What is required - Write out the listing from the line with "Union - STR" to the line with "Jan. 15, 2017: Green", both lines included, exactly and nothing beyond. Leave pictures out.

The data -
—————
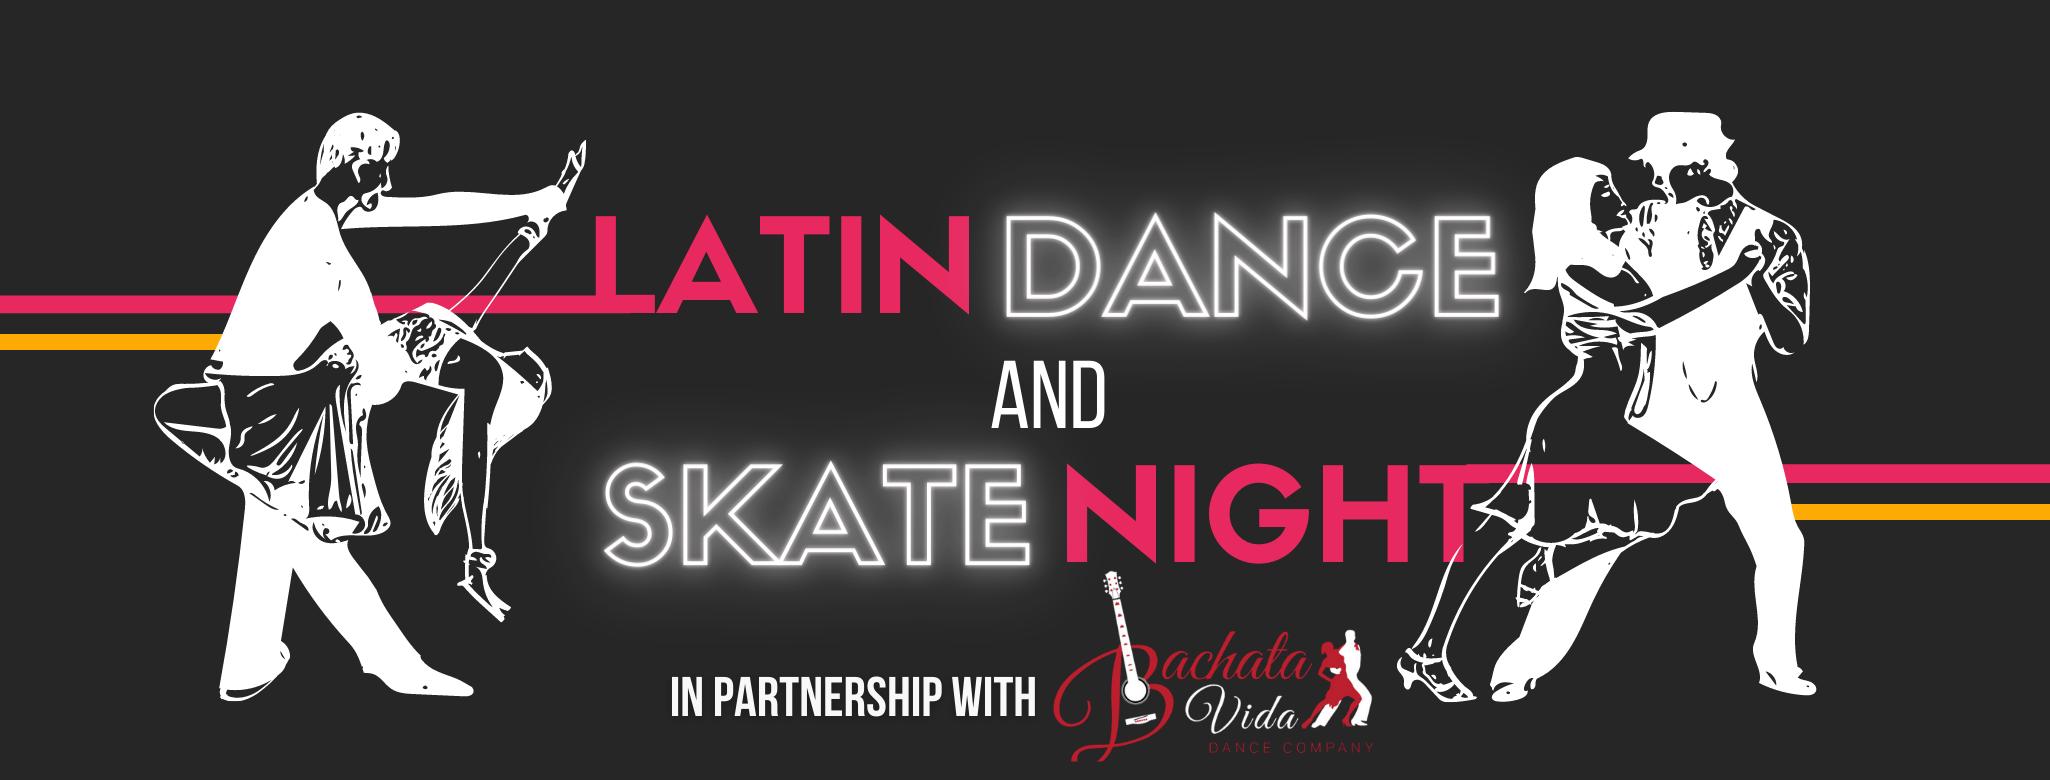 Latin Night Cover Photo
—————
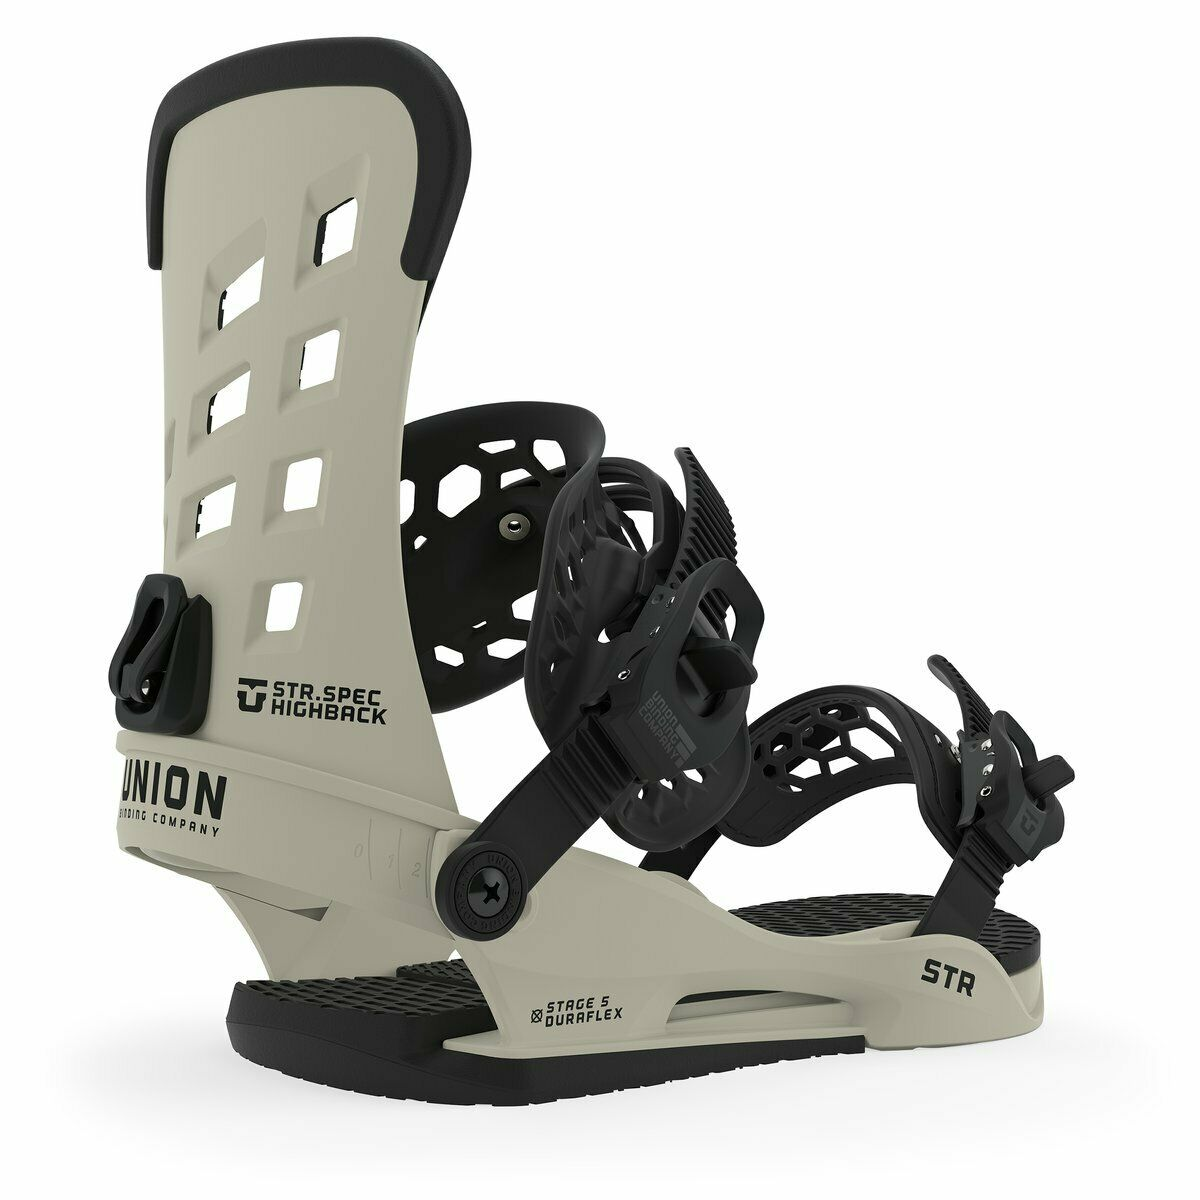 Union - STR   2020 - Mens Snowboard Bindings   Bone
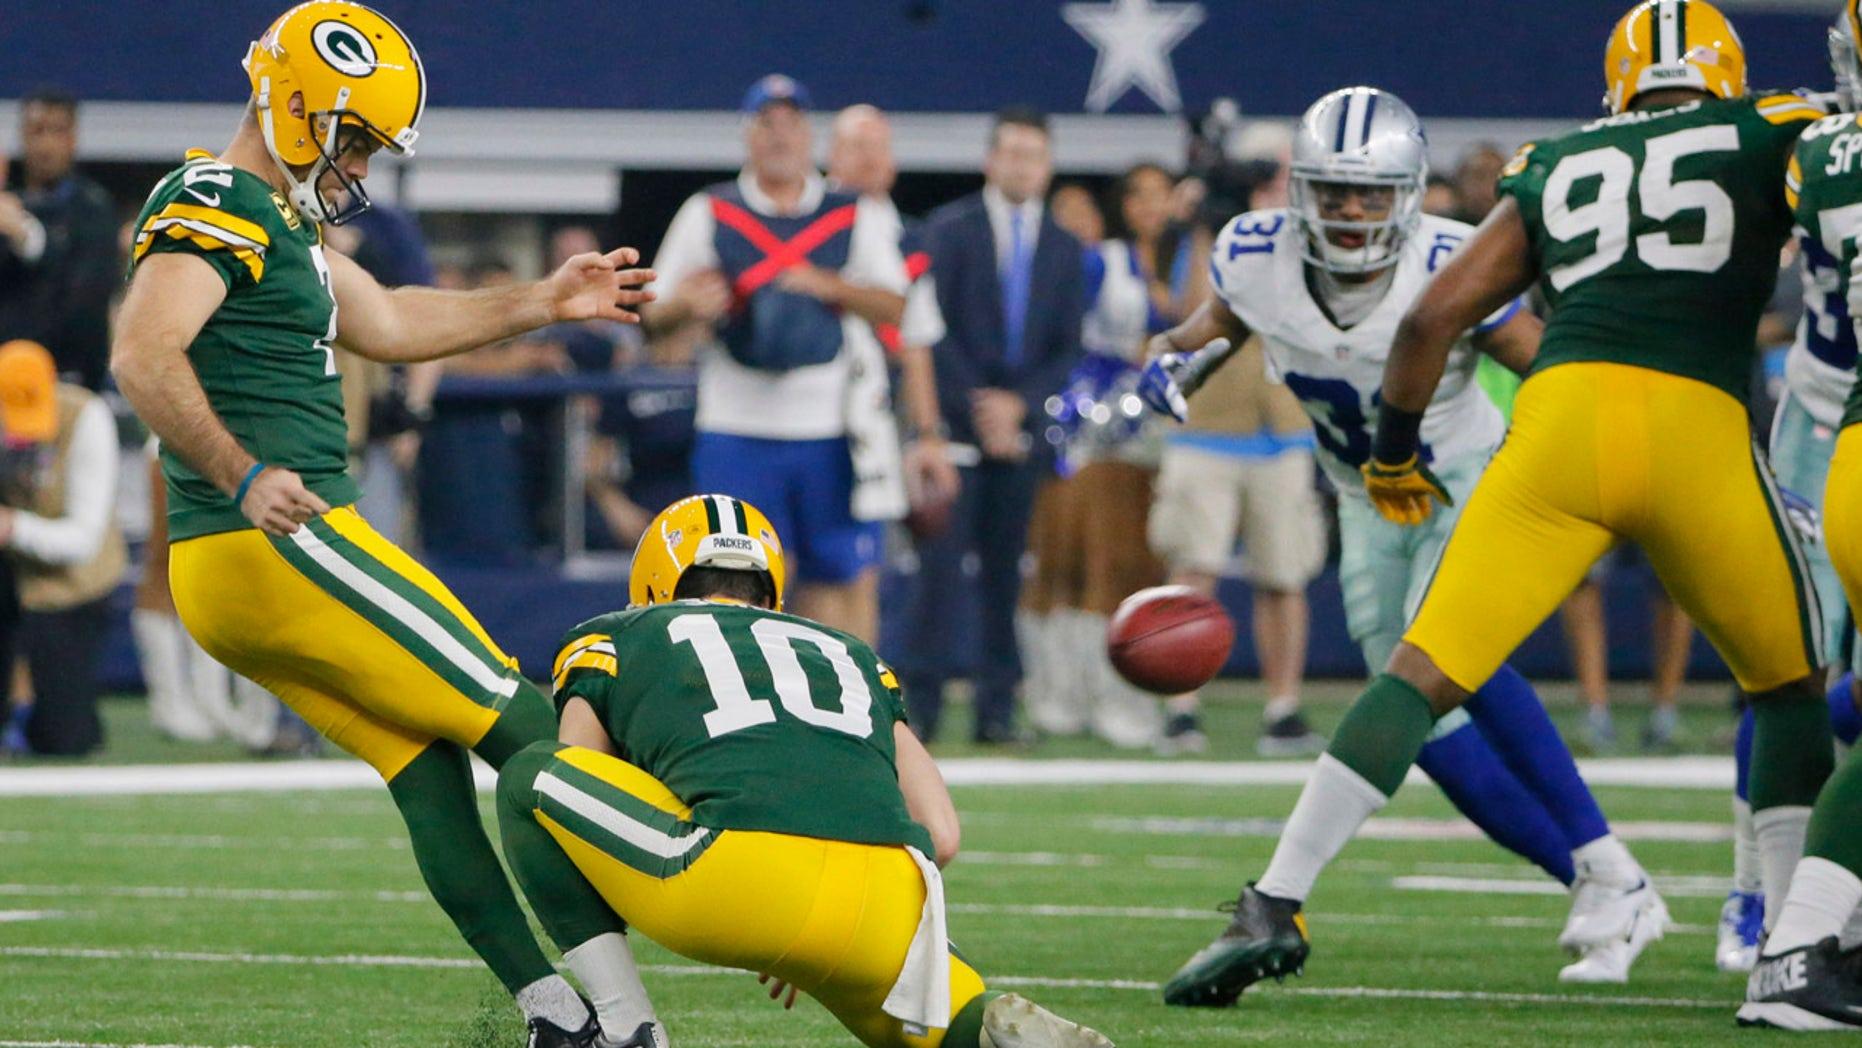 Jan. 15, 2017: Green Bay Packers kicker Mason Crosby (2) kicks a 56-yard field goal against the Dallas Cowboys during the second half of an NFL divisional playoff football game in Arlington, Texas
—————
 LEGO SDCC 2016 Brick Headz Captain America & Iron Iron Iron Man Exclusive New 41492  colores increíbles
—————
Result of this task -
 Union - STR   2020 - Mens Snowboard Bindings   Bone
 Jan. 15, 2017: Green Bay Packers kicker Mason Crosby (2) kicks a 56-yard field goal against the Dallas Cowboys during the second half of an NFL divisional playoff football game in Arlington, Texas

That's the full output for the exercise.